9/5/08

Cold

Just to say. I'm sitting by the window, before sunrise, wrapped in the heaviest wool sweater I own (smartly saved from winter-clothes storage). Outside it smells like fireplace. The dog and cat have started sleeping with their bodies smacked up against us, so as to siphon off our body heat.

Over the next 10 days, we'll be lucky when our high cracks 70. Where my brother lives, several states south of us, the temperature right now, in the early morning, is 81. They'll see 104 degrees before the day is done.

Yesterday it rained on my way to work, and the roads were sloshy with water that hadn't yet seeped into the ground. For the first time in four months, another kind of precipitation came to mind. Driving in snow still terrifies the Texan in me.

I keep telling myself we have a while yet before we'll need to worry about that. Last year, autumn barely managed to slip through the small crack between the end of our hotter-than-usual summer and the Thanksgiving snowstorm that marked the start of our sudden, severe winter. We tried to go apple-picking exactly once (they didn't let you actually pick from the trees, though), but it happened to be tank-top weather that day. Otherwise, my favorite season snuffed itself out without much fanfare.

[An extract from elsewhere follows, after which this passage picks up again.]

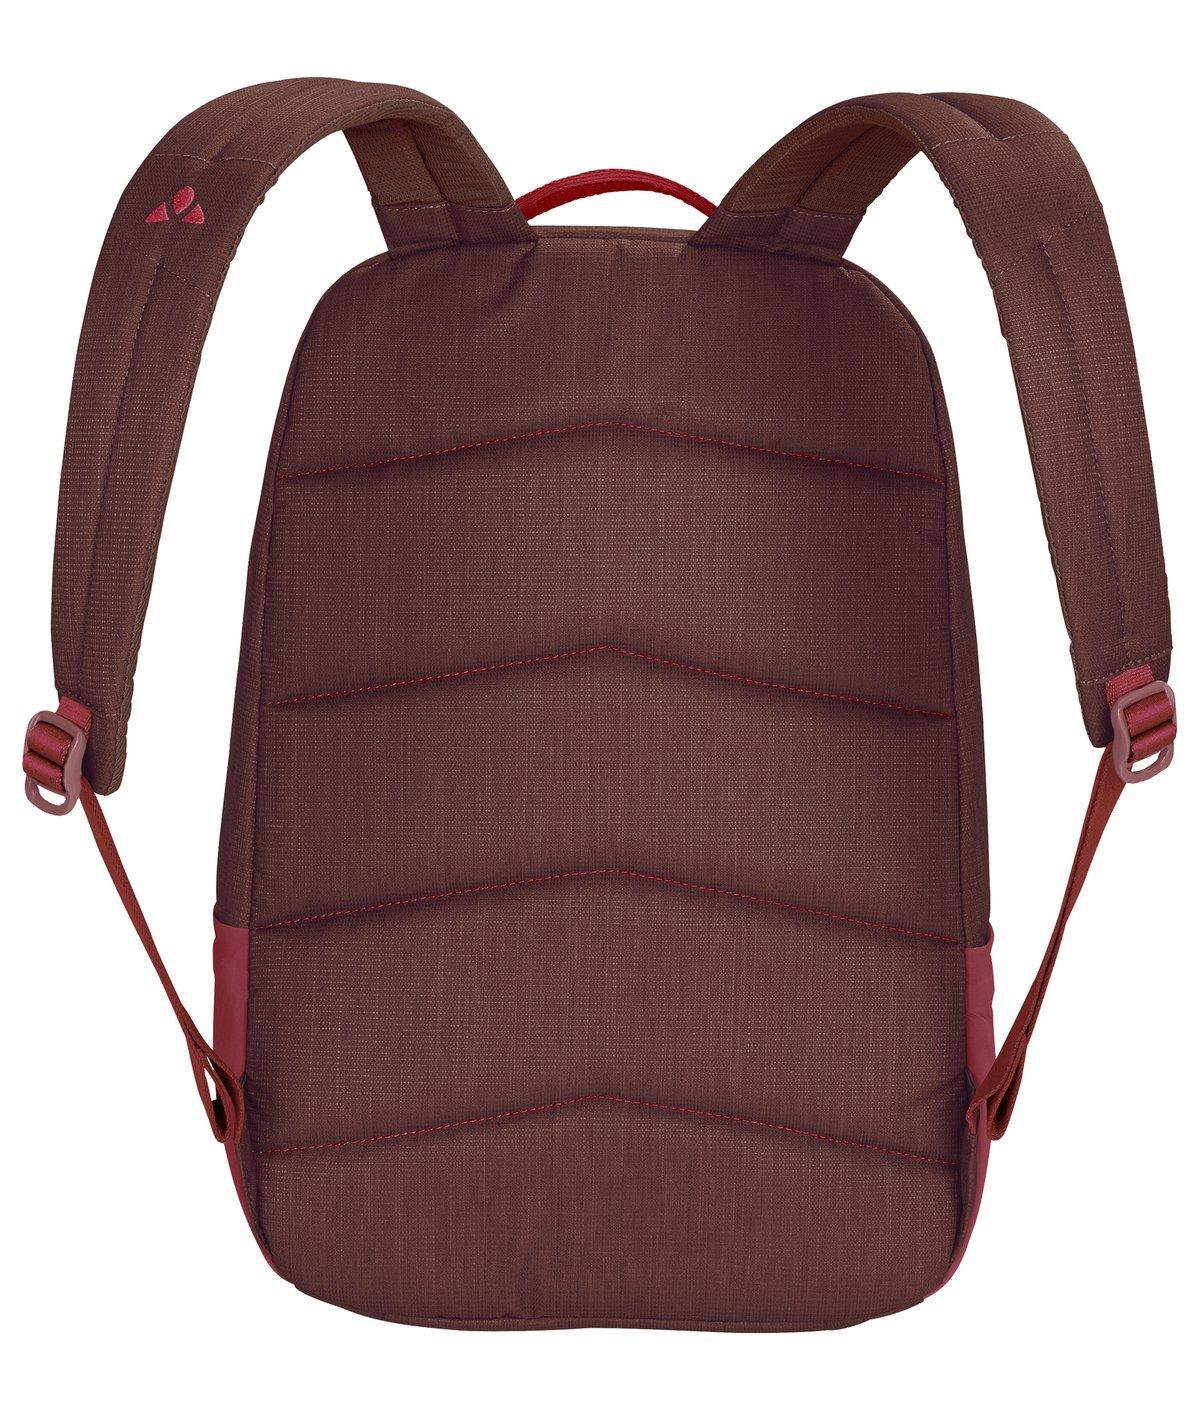 Vaude Petali Big Ii Bag

I can easily let go of the hot summer days. But this year I'm determined to relish this in-between, orange-tree'd, wool-sock weather. This year, we have good cause--sort of an autumn alarm clock, in the form of our vegetable garden. You can't accidentally miss the fall with a dozen pumpkins bulging on the vines, or rows of a last-minute, fall crop of greens anxious to be eaten, or earth to ready for its winter hibernation.